Having identified a possible direct role for CTGF in the profibrotic response to lung injury, the researchers then sought to determine whether CTGF blockade could improve aspects of bleomycin-induced lung fibrosis. Compared with control treatment, mouse-specific CTGF small interfering RNA or anti-CTGF antibody (pIgY3) reduced both CTGF levels and Col1a2 promoter activity in the fibroblasts of bleomycin-challenged mice. Furthermore, administration of anti-CTGF in vivo resulted in reduced expression of type 1 collagen and α-smooth-muscle actin as well as improvements in tissue architecture, compared with control treatment.

The investigators went on to show that, unlike the production of collagen type 1 by transforming growth factor β, the actions of CTGF on Col1a2 transcription are SMAD-independent. Instead, they rely on the actions of the extracellular signal-regulated kinases 1 and 2 and C-Jun N-terminal mitogen-activated protein kinase signaling pathways.

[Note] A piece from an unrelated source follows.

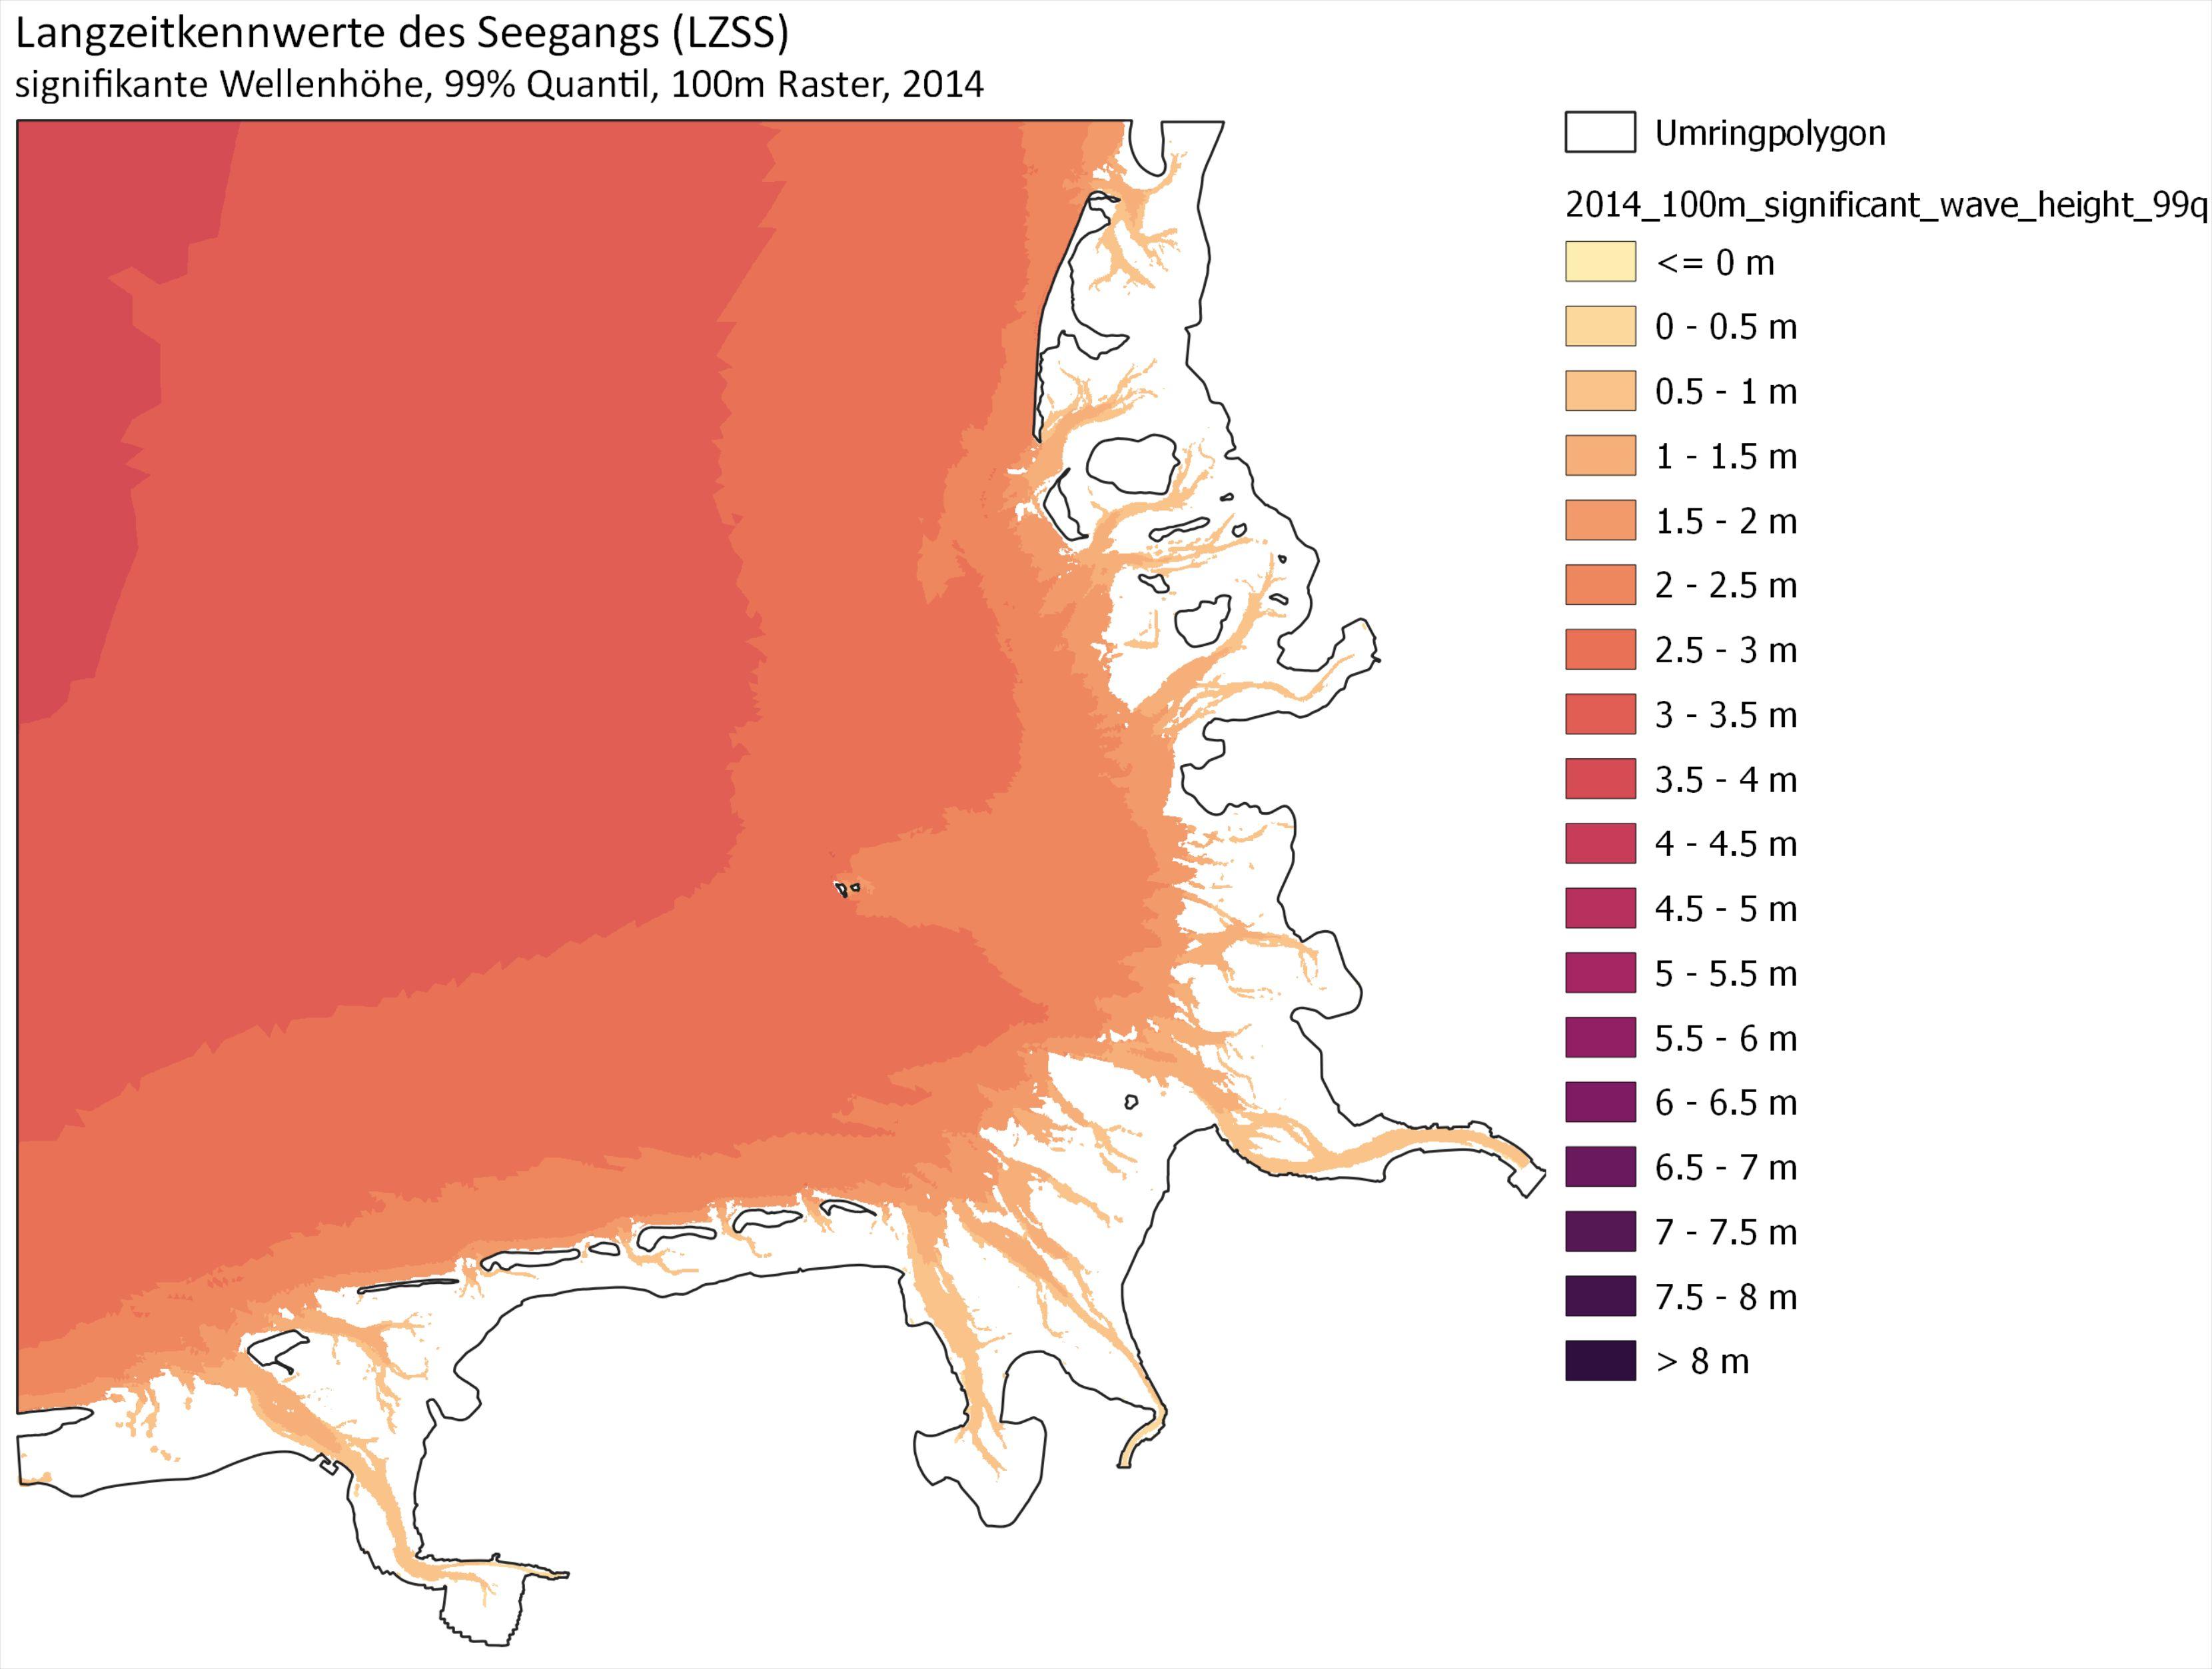 Beispiel: 99% Quantil signifikante Wellenhöhe für das Jahr 2014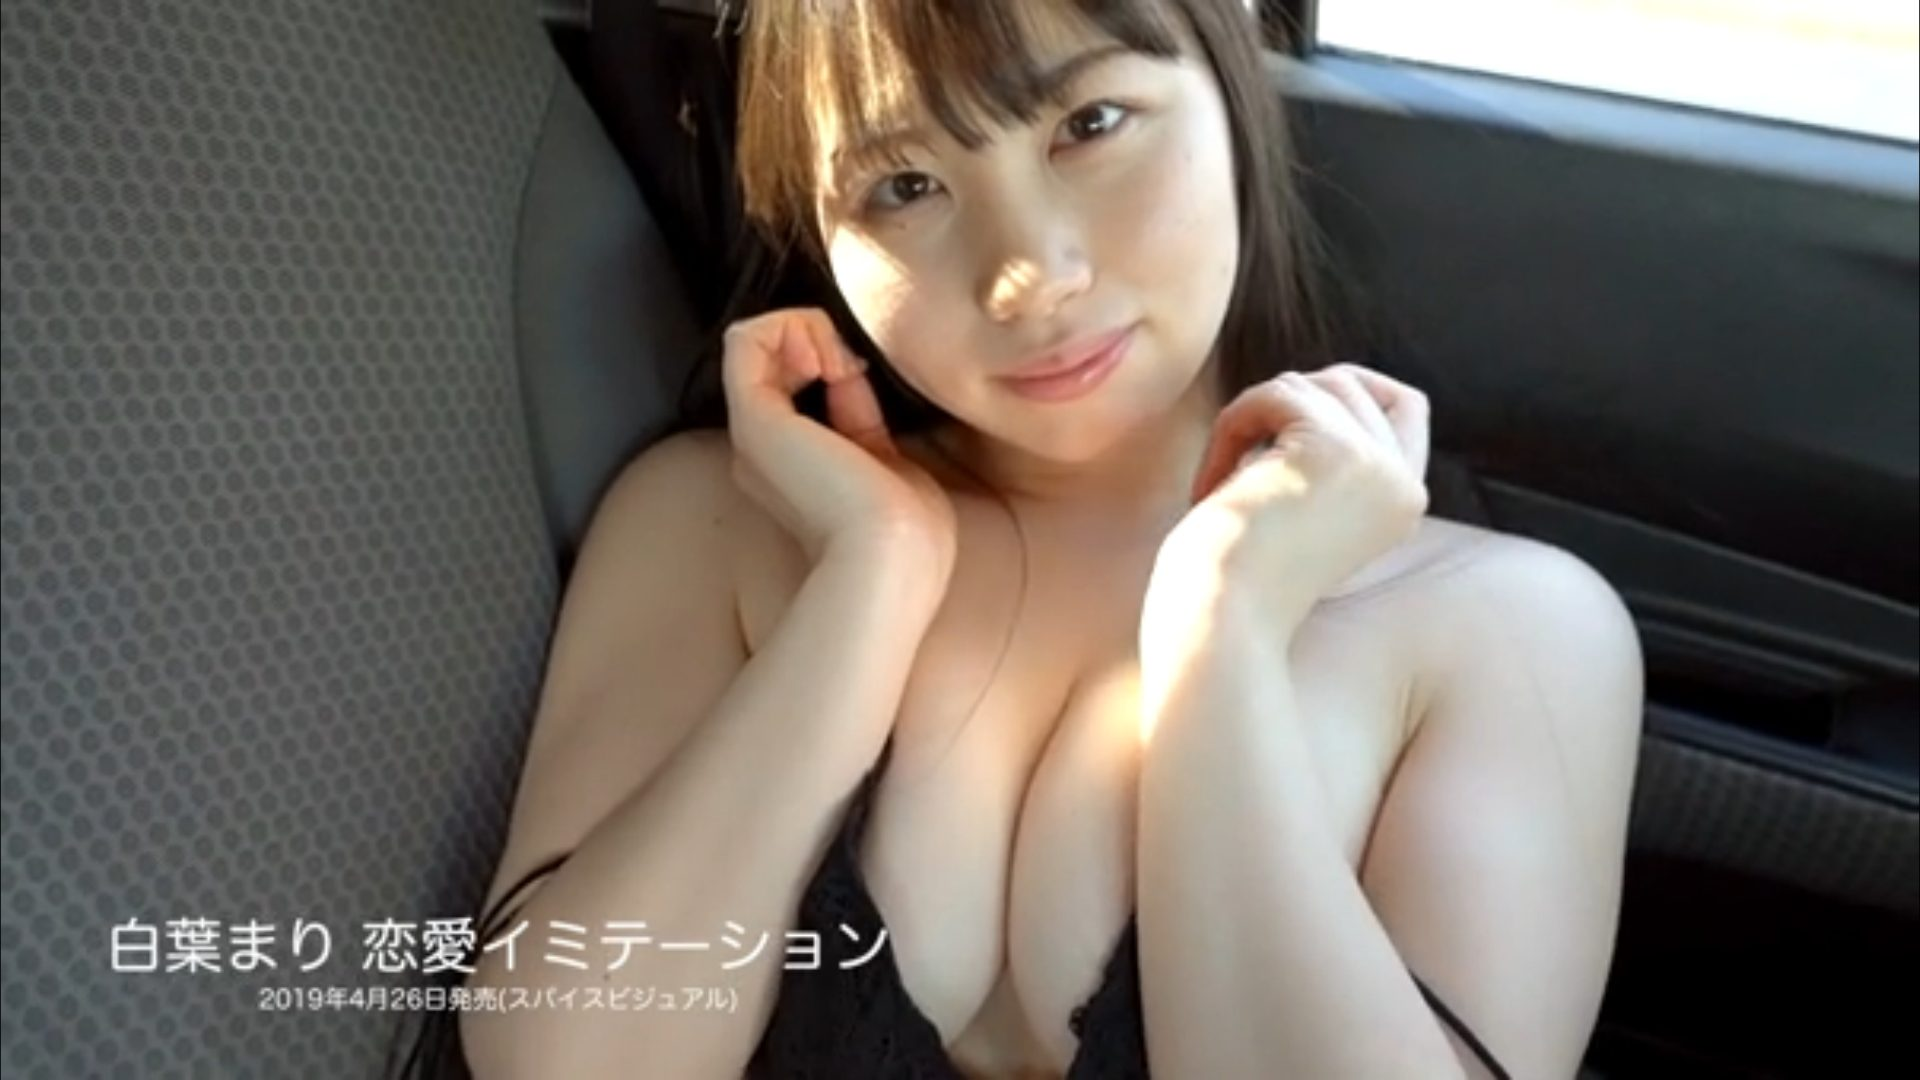 【白葉まり(青井まりん)】Fカップ2 「恋愛イミテーション」サンプル動画

Leask and colleagues believe that CTGF antagonism might be an avenue worth exploring for the future therapy of systemic sclerosis. “It is important to further elucidate the actions of CTGF on cells to generate methods of blocking the specific effects of CTGF,” says Leask. “These strategies could ultimately be used to generate specific drugs that block CTGF action in patients susceptible to fibrosis.”